Johnstone T, Salomons T, Backonja MM, Davidson RJ. Neuroimage 2012; 59(2): 1594-1601.

Affiliation

Centre for Integrative Neuroscience & Neurodynamics, School of Psychology & Clinical Language Sciences, University of Reading, Early Gate, Whiteknights, RG6 6AL, UK; Waisman Lab. for Brain Imaging and Behavior, University of Wisconsin-Madison, 1500 Highland Ave, Madison, WI, 53705, USA; Department of Psychology, University of Wisconsin-Madison, 1500 Highland Ave, Madison, WI, 53705, USA.

Copyright

(Copyright © 2012, Elsevier Publishing)

DOI

10.1016/j.neuroimage.2011.08.083

PMID

21945794

PMCID

PMC3277913

Abstract

The experience of pain occurs when the level of a stimulus is sufficient to elicit a marked affective response, putatively to warn the organism of potential danger and motivate appropriate behavioral responses. Understanding the biological mechanisms of the transition from innocuous to painful levels of sensation is essential to understanding pain perception as well as clinical conditions characterized by abnormal relationships between stimulation and pain response. Thus, the primary objective of this study was to characterize the neural response associated with this transition and the correspondence between that response and subjective reports of pain. Towards this goal, this study examined BOLD response profiles across a range of temperatures spanning the pain threshold. 14 healthy adults underwent functional magnetic resonance imaging (fMRI) while a range of thermal stimuli (44-49°C) were applied. BOLD responses showed a sigmoidal profile along the range of temperatures in a network of brain regions including insula and mid-cingulate, as well as a number of regions associated with motor responses including ventral lateral nuclei of the thalamus, globus pallidus and premotor cortex.

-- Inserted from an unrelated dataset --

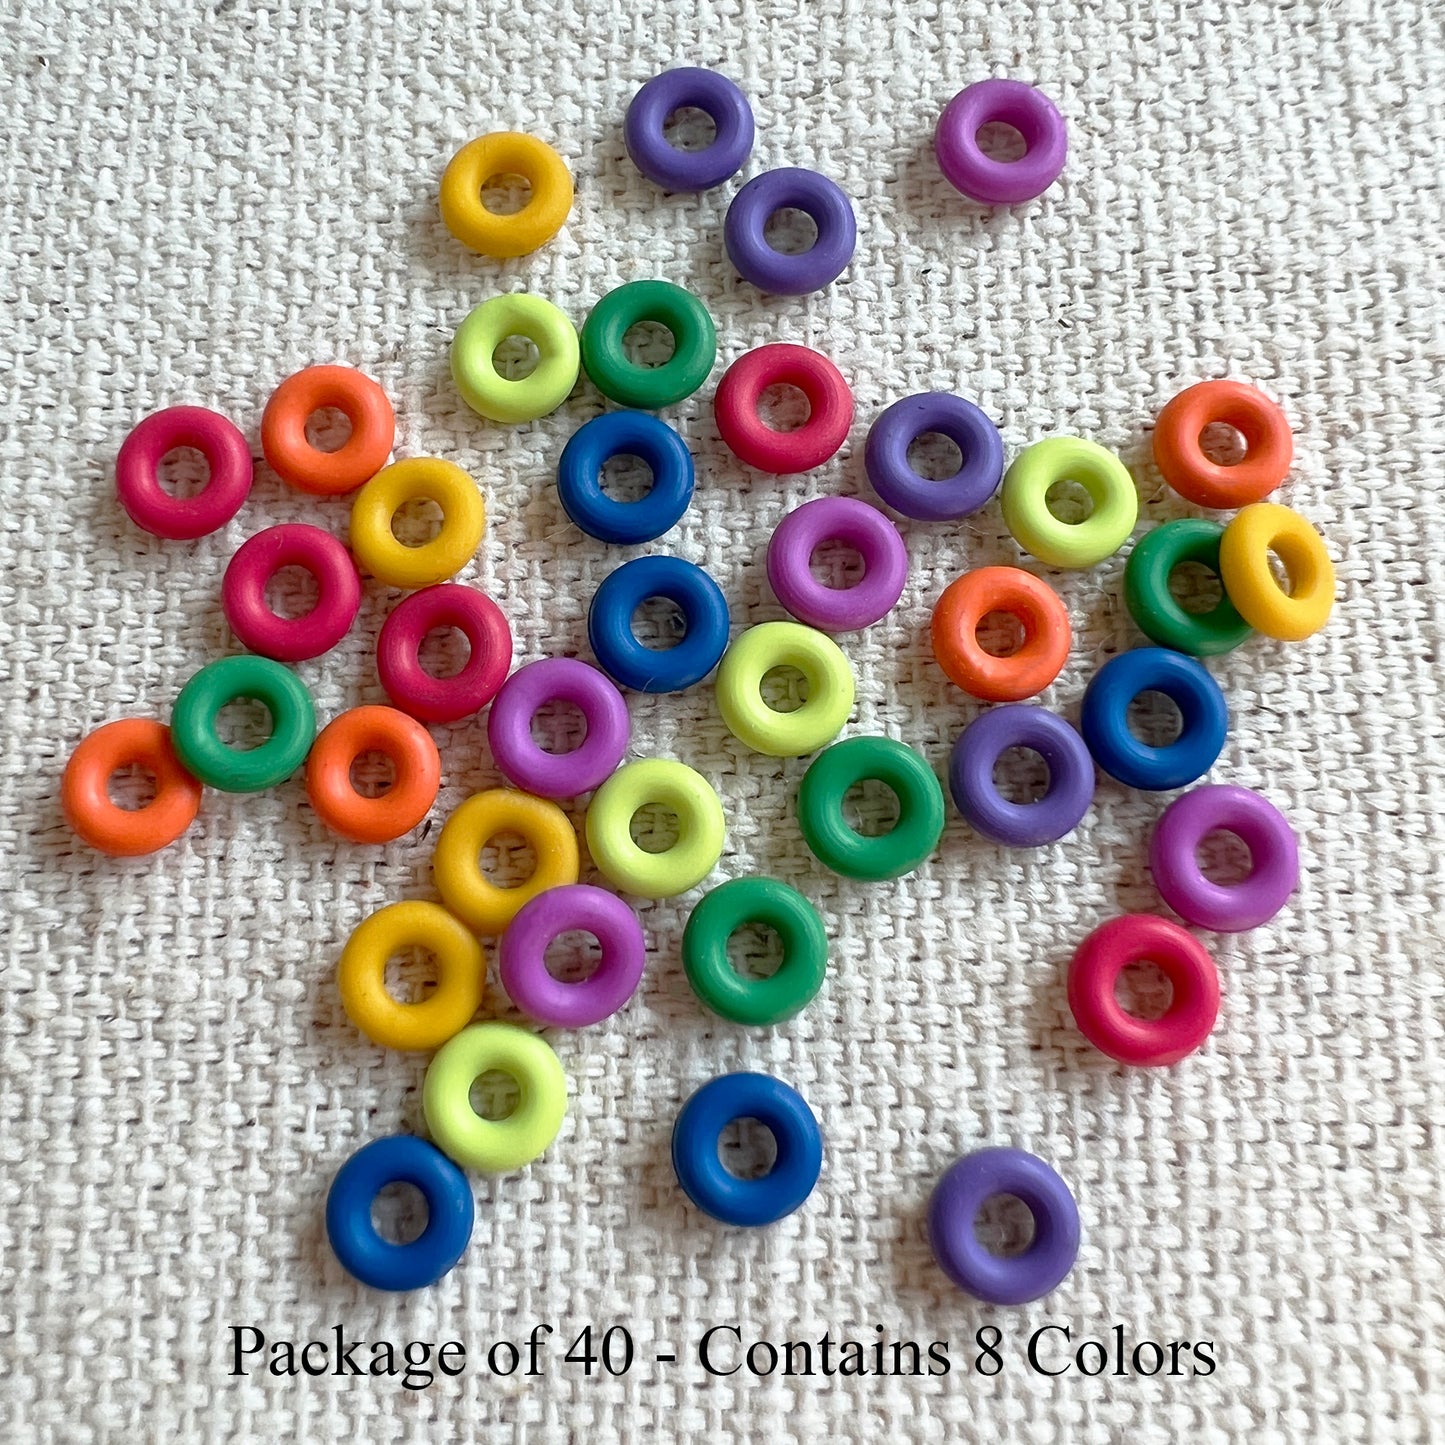 5mm O-Rings Hand Picked Rainbow Mix - Package of 40

A sigmoid function fit to the BOLD responses in these regions explained up to 85% of the variance in individual pain ratings, and yielded an estimate of the temperature of steepest transition from non-painful to painful heat that was nearly identical to that generated by subjective ratings. These results demonstrate a precise characterization of the relationship between objective levels of stimulation, resulting neural activation, and subjective experience of pain and provide direct evidence for a neural mechanism supporting the nonlinear transition from innocuous to painful levels along the sensory continuum.